I couldn’t have been happier.
I then demoed the product to users, got feedback, made many revisions, and finally felt ready to move into high res designs.
Next, it was time to build the Design System.
Step 3: High Res Design
The needs for this Design System were not like most– it needed to fit two products with unique branding and functionality. One for Hedge Funds (Investors– the users I am currently building for) and one for Corporations (users whose needs I hadn’t yet investigated).
Next, I spoke with 4 corporate clients, created user personas, created feature lists via card sorting, and realized the needs were almost identical, minus terminology and the need to Forecast future performance of stocks.
So I then made the Design System in Figma, which served as the building blocks of our application. I considered Corporate users throughout, so I prepared some hidden component instances that I knew would serve this audience in the future.
I could assemble pixel-perfect screens with reusable components that gave users precisely what they needed within a delightful UI.
Since we discovered that users need to be able to make their own queries (aka graphs and tables), the usual process of creating developer notes explaining interactions, states, and user flows was more complicated than usual.
The product I designed had to be a System with consistent rules across queries, visualizations, and settings. Doing this makes the UX predictable and easy and makes Engineering work have fewer one-off builds.
I worked with Engineering to design a dashboard creation system that revolutionized how users consume 3rd party data.
Problem & Solution
Design Callouts
Edit Queries on the Fly
The Edit button on each tile allows users to customize their query and data viz settings.
Users can choose to set new filters and override global settings.
Create Dashboards, Duplicate Queries/Pages
Users can make their own collection of queries, named dashboards, which can be populated manually, from user-journey based templates, or from copied pages or graphs.
Problem & Solution
In “summary cards” (below, left) users can click any KPI or Demographic Attribute and see a deep-dive/graph about it. In the graph tooltip (Below, right), you can see the brand’s company, sub-industry, and industry, which establishes context and allows users to click and visit any of these “targets”.

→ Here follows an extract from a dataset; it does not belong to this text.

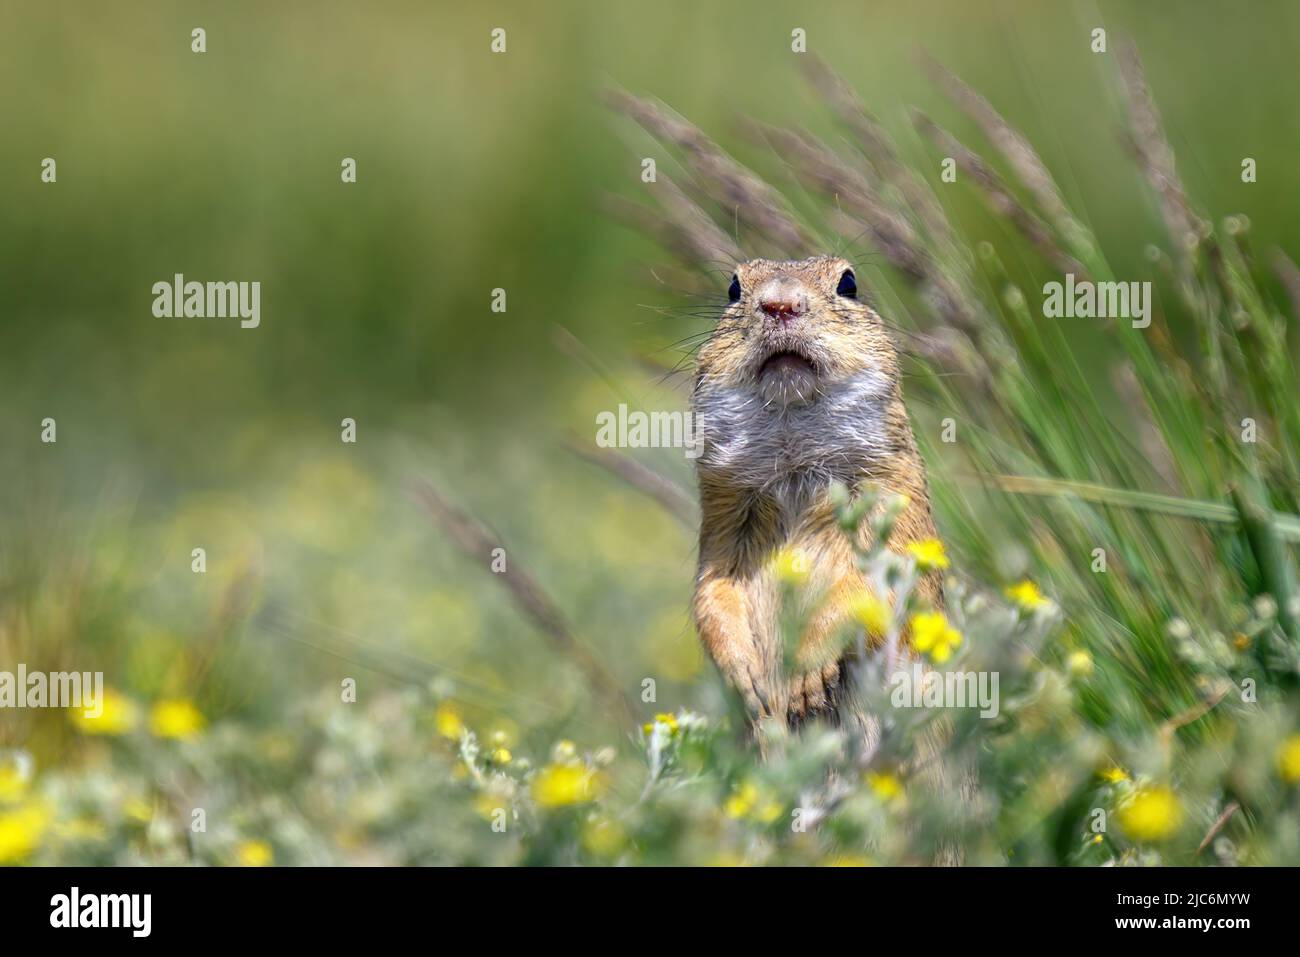 The ground squirrel runs across the plain in search of food. Stock Photo

We found that our users have multiple brand and customer investigation phases.
Through each of these phases, they will have many questions that we answer via data visualizations. There is no linear path in their investigations, and the questions from one phase overlap with questions in other phases.

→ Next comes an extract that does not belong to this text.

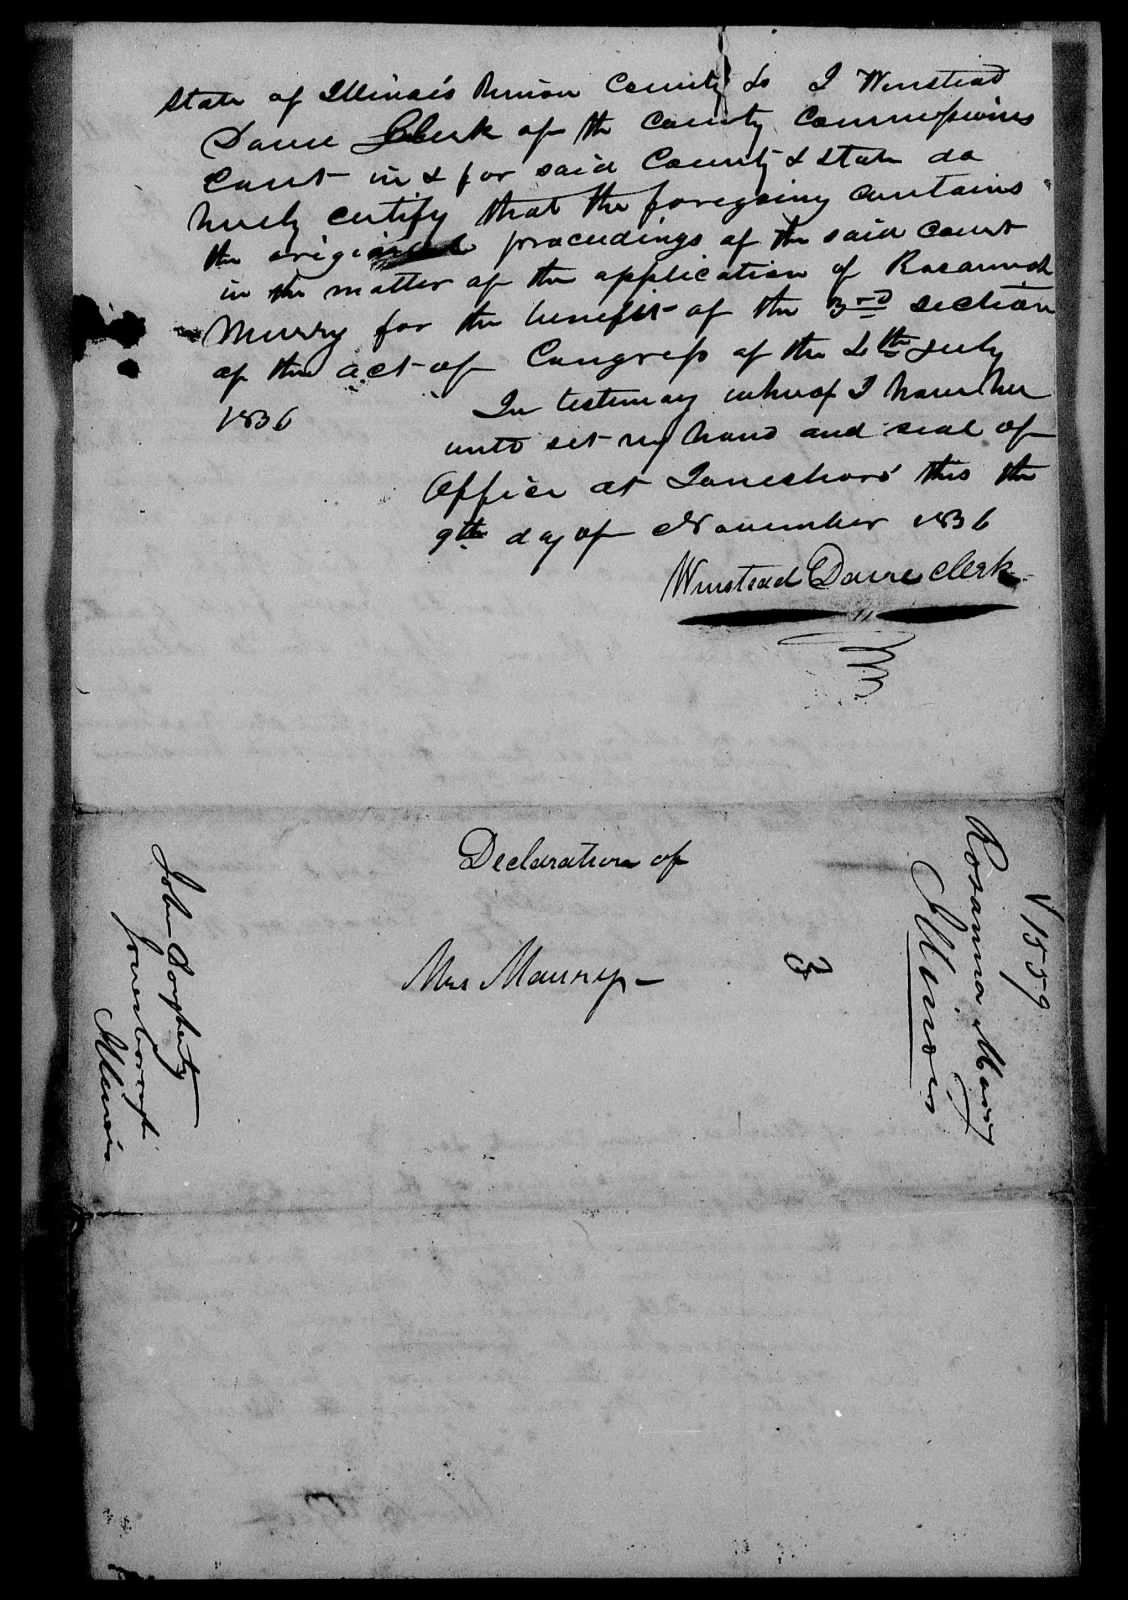 Application for a Widow's Pension from Rosana Murray, 9 November 1836, page 3

For this reason, we decided to make KPI-based pre-made pages that serve specific user needs. Users can then easily switch between pages, answering their questions in whatever order they need.
Pages were set up to solve all related questions to the KPI that the page focuses on.
Below, the user can compare the average retention of multiple targets (first graph), then dig deep on a single target and its many first-purchase cohorts.
Problem & Solution
Problem & Solution
Step 4: Usability Testing & Benchmarking
My TPM and I showed the Figma Prototype to internal and external users to observe;
- how users interacted with the interface
- what questions they asked
- what they were confused about, using contextual inquiry
- where they looked and clicked the most, using heat-mapping and eye tracking
After making small tweaks to design and functionality, it was time to get this into development with Engineering.
Step 5: Implementation & Tweaks
Since I have engineering experience, writing notes that engineers can understand was easy. The handoff was as smooth as ever, but that doesn't mean that I had considered all of the edge-cases.
Luckily, I got to work with some talented and thoughtful Engineers, who communicated limitations and issues that lead to adjustments in design.
Since I know the lingo and how they think, coming to solutions together was a breeze.
Impact
Sales are up 160% despite the product only being half-built. We expect a banner year by the time every feature is fully implemented.